Don Brutzman, Curtis Blais, Duane Davis, and Robert B. McGhee, Naval Postgraduate School (NPS), Monterey California USA, 6 DEC 2017.

Submitted to IEEE Journal of Oceanic Engineering for forthcoming special issue on Cutting Edge AUV Technology, planned publication early 2018.

Summary flyer Abstract.  Experts and practitioners have worked long and hard towards achieving functionally capable robots. While numerous areas of progress have been achieved, ethical control of unmanned systems meeting legal requirements has been elusive and problematic.  Common conclusions that treat ethical robots as an always-amoral philosophical conundrum requiring undemonstrated morality-based artificial intelligence (AI) are simply not sensible or repeatable. Patterning after successful practice by human teams shows that precise mission definition and task execution using well-defined, syntactically valid vocabularies is a necessary first step.  Addition of operational constraints enables humans to place limits on robot activities, even when operating at a distance under gapped communications.  Semantic validation can then be provided by a Mission Execution Ontology (MEO) to confirm that no logical or legal contradictions are present in mission orders.  Thorough simulation, testing and certification of qualified robot responses are necessary to build human authority and trust when directing ethical robot operations at a distance.  Together these capabilities can provide safeguards for autonomous robots possessing the potential for lethal force. This approach appears to have broad usefulness for both civil and military application of unmanned systems at sea.

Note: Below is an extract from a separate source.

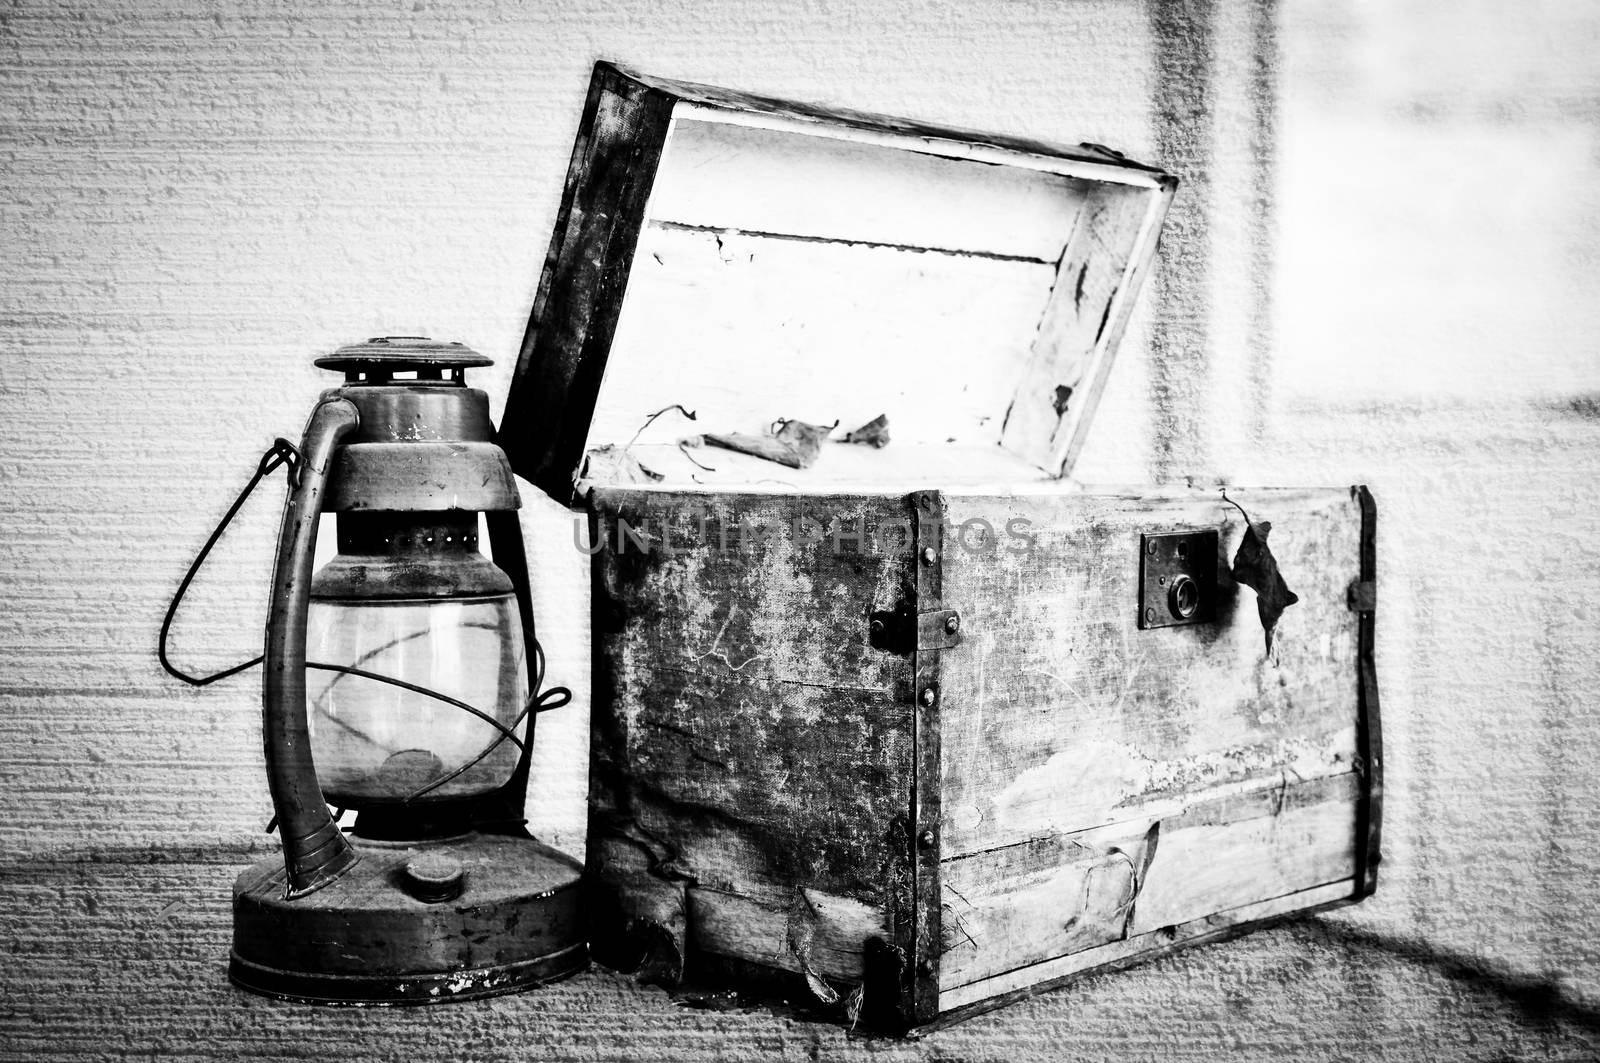 Old Chest And Lantern In Black And White by rcarner

Index Terms — autonomous vehicles, robot ethics, Mission Execution Automata (MEA), Mission Execution Ontology (MEO)

Available: publication draft paper and summary flyer.

“Ethical constraints on robot mission execution are possible today.  There is no need to wait for future developments in Artificial Intelligence (AI). It is a moral imperative that ethical constraints in some form be introduced immediately into the software of all robots that are capable of inflicting unintended or deliberate harm to humans or property.”  Robert B. McGhee, April 2016.